Сири получила свои простыни обратно. Она считала, что такой шум поднимать было ни к чему. Что до нее, то она бы сначала еще посмотрела, что это за парень, стоит ли с ним носиться. А Лисабет сказала — ну и что ж, зато поросенок при нас, мне больше достанется, значит. И она смеялась и напевала про себя и уплетала праздничный ужин за обе щеки.

Но вот опять пополз шепоток — вы слышали про Лисабет? Доктор-то ее — персона важная, так, видать, уже на попятный идет. Рановато эта девка нос задрала. С другой стороны, кое-кто видел, что Лисабет купила в городе шикарную материю, хочет сшить себе платье, знаете, такое, какие носят на всяких там балах. К чему ей такой шик, спрашиваете? А она собирается на вечер, который устраивает для нее и этого ее парня сам главный врач больницы!

Вообще-то, когда Лисабет спрашивали об этом, она отвечала уклончиво. Но она попросила Гьертруд Иголку, которая должна была шить ей платье по самому красивому фасону из модного журнала, чтобы оно было готово к такому-то числу, потому что ей нужно в город.

К Гьертруд Иголке зачастили гости. Заходили посидеть, кофейку попить. И посмотреть на платье Лисабет, пощупать материю, поругать фасон — ведь такое платье здесь носить не будешь, ни к чему оно.

Слухам о помолвке и вечере у главного врача верили долго, хотя родичи Лисабет на этот раз молчали как убитые. А если кто осторожно спрашивал саму Лисабет — зачем ей это платье, то она отвечала, что думает пойти в нем в цирк. В общем, отшучивалась да болтала разную ерунду. Рука у нее почти что совсем поправилась. И Лисабет цвела: ни у кого не было таких розовых щек и таких счастливых глаз и не было девчонки веселей ее. Всякие намеки ее будто не задевали, а в ответ на ехидные замечания вроде того, что доктор-то у нее, наверно, невидимка, она смеялась и говорила, что лучше жених-невидимка, чем совсем никакого. Потом она опять уехала в город.

Марта, ее мать, зашла как-то в лавку. По чистой случайности письмо, которое она получила от Лисабет, было у нее в кармане. В лавке полно народу — сидят на ящиках, толпятся у прилавка, вдыхают запах хлеба, и кофе, и серого мыла, и пряностей, и новых тканей, вбирают в себя недомолвки, намеки — новости. Марта знала, что у сомнений корни очень цепкие, как у сорной травы на пустыре.

Но никто не выдал себя сразу. Это уж нет.

Как у Марты дела с тем ягненком, что остался без матери, сосет он из бутылки? Хм-хм, так, значит. Хорошая это порода — длинношерстные овцы из Фьеллботтена. Вот у Микхеля тоже была одна фьеллботтенская овца. Недавно она сломала ногу на пастбище. М-да, хм-хм. Ну а как Лисабет, пишет что-нибудь?

Да, она как раз получила от нее письмо.

Она вроде бы с большими господами водится?

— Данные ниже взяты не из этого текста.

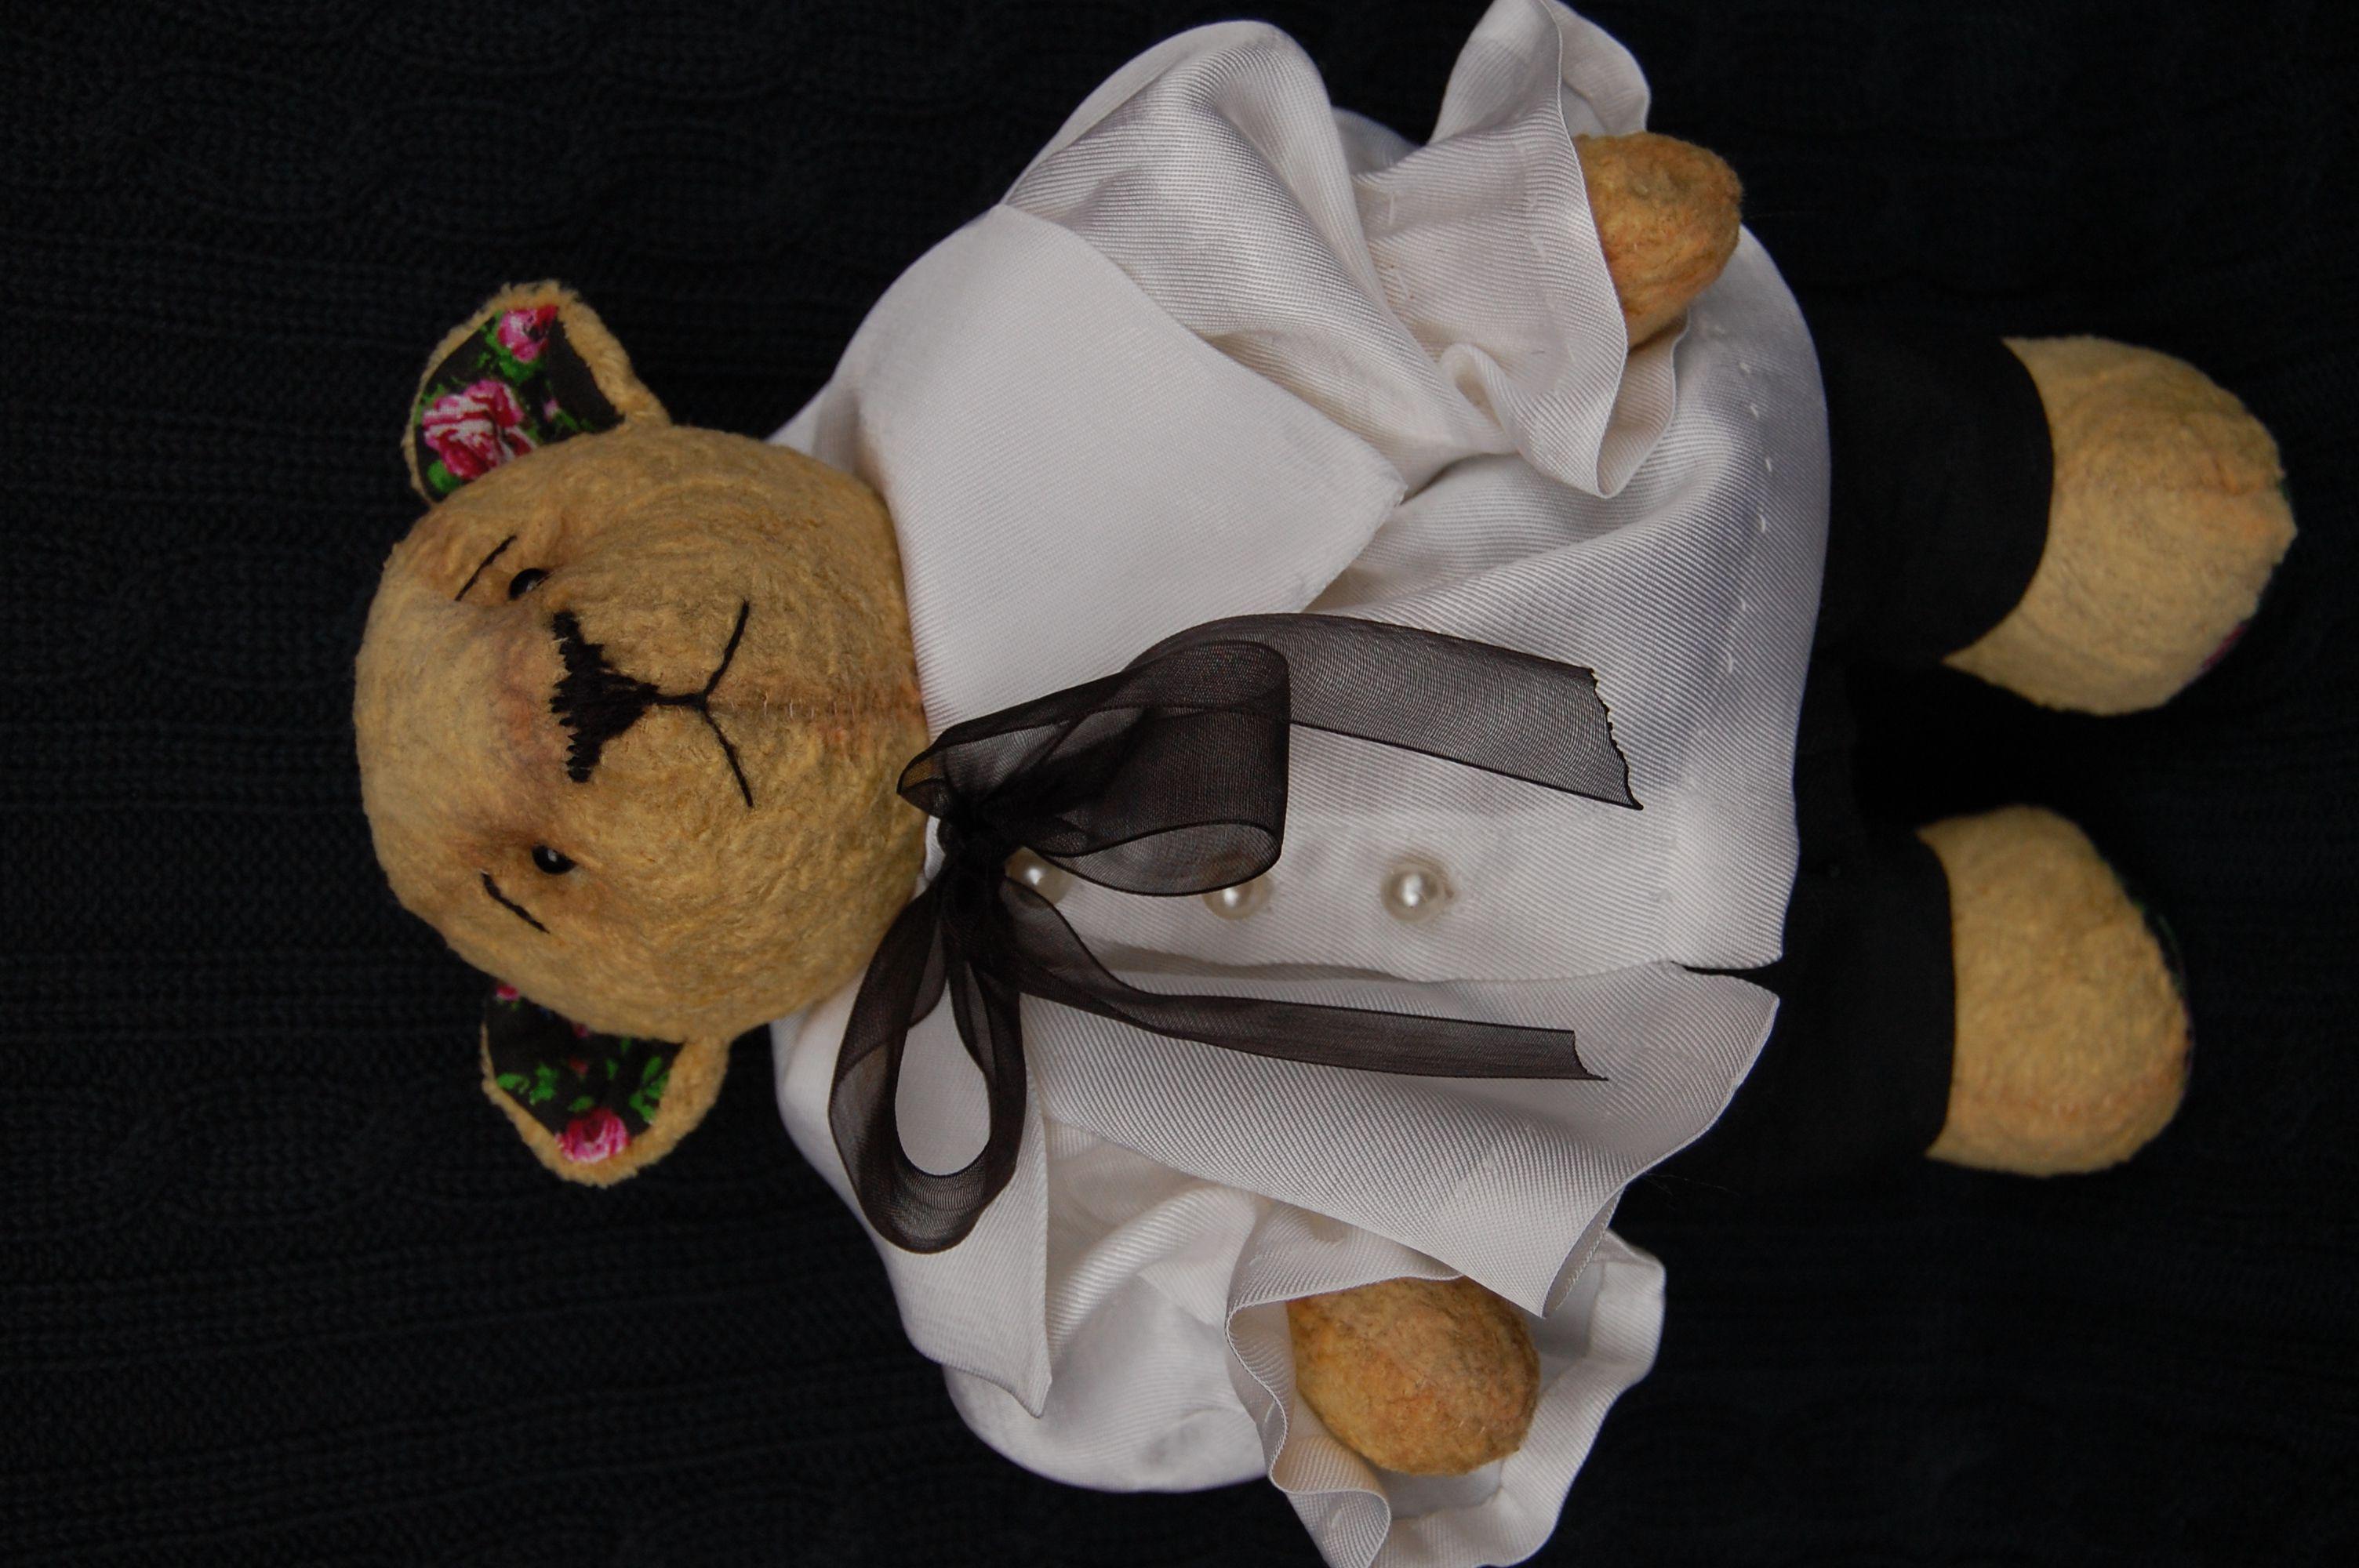 ретро игрушка мишка тедди ручная работа стиль подарок

Кажется. Марта точно не помнит, нужно в письмо заглянуть. Да, вот она пишет: у главного врача был вечер и главный врач говорил речь для нее и для ее жениха. Правда, общество было небольшое, всего восемь человек. Но стол был накрыт так красиво! Подавали суп и жаркое из телятины и фруктовое пюре со взбитыми сливками. А к кофе — торт и ликер. И на столе стояли свечи.

Все кругом замолчали. Только когда Марта ушла, лавка ожила снова…

Лисабет вернулась из города, и, хоть там она была в одной компании с главным врачом и другой шикарной публикой, приехала такая же, как всегда. Только веселее и красивее стала.

Кое-кто при встрече с Лисабет стал снимать шапку. Она в ответ смеялась и делала книксен. Да, Лисабет…

С ней побеседовал пастор. Он слышал о ее большом счастье, да, вот так случается с теми, кто блюдет себя. Она ведь не позабыла возблагодарить господа? Но Лисабет хотела бы пока обождать, сначала она еще посмотрит, есть ли за что благодарить, а уж там видно будет. И пастор укоризненно грозил ей пальцем — с этим не шутят, Лисабет.

Но они все равно стали друзьями — пастор и Лисабет. И лавка ожила снова — вы слышали про Лисабет? Теперь она будет жить у пастора до самого замужества. И не как простая прислуга, а вроде как дочь, и за столом сидеть со всеми будет, и вязать и штопать вместе с пасторшей, будто важная дама какая. А рука у нее совсем прошла — ничего не заметно.

И это как раз кстати, потому что у пастора в доме работы хватает.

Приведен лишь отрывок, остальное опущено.